Well, I think, what he does is no more silly
than making poems; there is room in the world, love even
in the world for Chihuly’s glass, so write something why don’t you,
find the artisans inside yourself to help you shape a new creation –
one who stokes the furnace to a transforming heat, one who mixes
undiscovered colors, one who lifts a cold and clumsy lump
at the end of a heavy rod and sets it spinning in the blaze,
melting, bending as you watch until you recognize the shape of something
never seen before, then one who shouts in triumph and hoists it high,
carries it down the long room of your heart and sets it to rest (softly,
softly, to rest – they shatter, these shapes) in a place where it can breathe
and cool; sets it down next to uncounted others, while you catch your breath
and muse on which shape goes where, what new design their joining will
create,
how best to balance and connect. Surely all these ones are you
and more than merely you, surely within the walls of your capacious self
is room for a village to be at work: vision, heat, muscle, craft, and above all
that shout
ringing down the room as a new truth rises, massive and fragile, from the fire.

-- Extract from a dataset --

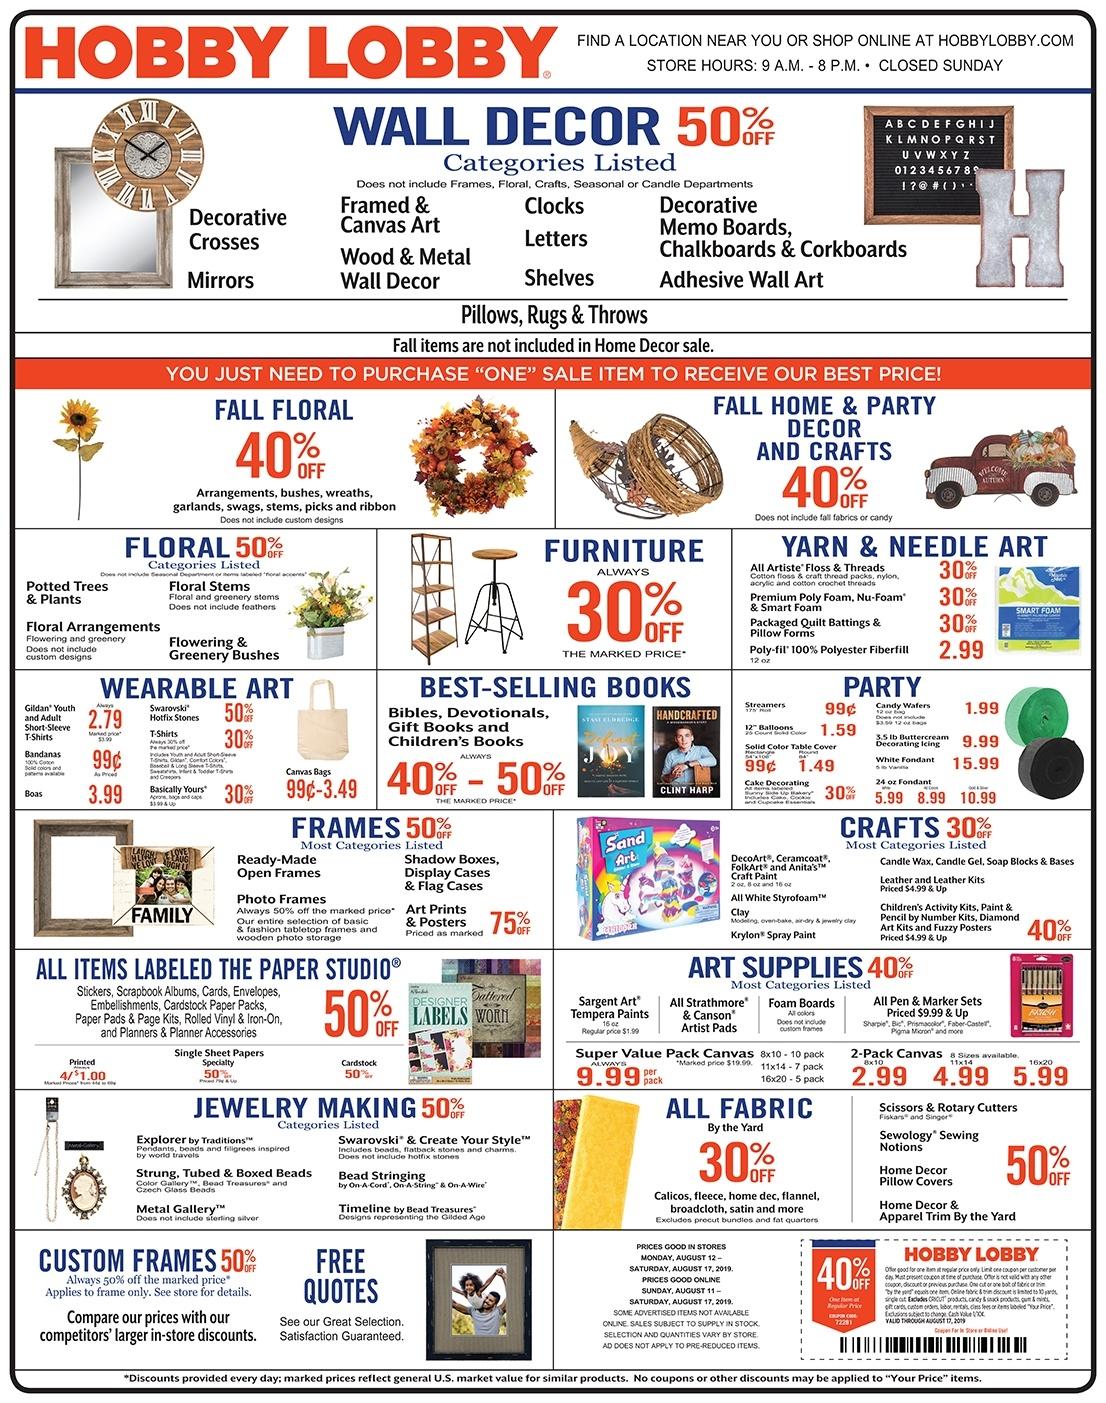 Weekly Ad & Coupon_Blank Calendar Hobby Lobby

[You can listen to an audio version of the poem using the little widget above the (first) photograph. Some technical issues with getting this audio recorded, and it’s not perfect, but I really wanted to read this one to you.]
I drafted this poem (lengthwise in my notebook) in 2014, literally right after watching a PBS documentary on Chihuly and his work. At the time — well, and still — the heart of the poem for me was in the lines: “there is room in the world, love even / in the world for Chihuly’s glass, so write something why don’t you….” All that imagination, passion, effort, spent on creating something that in practical terms is completely useless? Yes, go for it. “Useful” doesn’t always mean what you think it means. Make the thing; see how the making changes you, see how the world makes room for what you’ve made.
More recently (as in, oh, during the last two weeks or so) I’ve been revising the poem: partly to get the line-breaks less clunky, mostly to underline another point that the poem wants to make, an ironic point about the glassblower surrounded by skilled helpers in his studio1 and the poet sitting at her desk alone except for the voices in her head. Not a fair contrast, really, even in irony, when you think about furnace-heat and heavy lifting as physical realities instead of metaphors. It stays with me, though, and it makes me wonder. Would I want — really want — an atelier full of assistants to help me write my poems? Do I have one already? The poets I’ve read whose passion and craft light me up and also show me (for example) how to make line-breaks less clunky; the friends who’ve encouraged me to make room in the world for my writing; the readers who make room in their days to read what I write and talk to me about it; yes, grateful. And it’s me, every day, who gets to stoke the furnace and lift the glass into it, to see what new shapes can be made. Most days, I’m grateful for that as well.
As the result of injuries from a car crash years ago, Dale Chihuly is blind in one eye and not physically able to do the heavy lifting involved in shaping molten glass. He conceives and sketches his creations and works closely with the skilled assistants who bring his visions into being.
A super poem. I love how you demonstrate the beauty of creating something, be it glass or a poem. Also the wonderful encouragement of “so write
something why don’t you,
find the artisans inside yourself to help you
shape a new creation”
Yes, this is the real heart of the poem for me.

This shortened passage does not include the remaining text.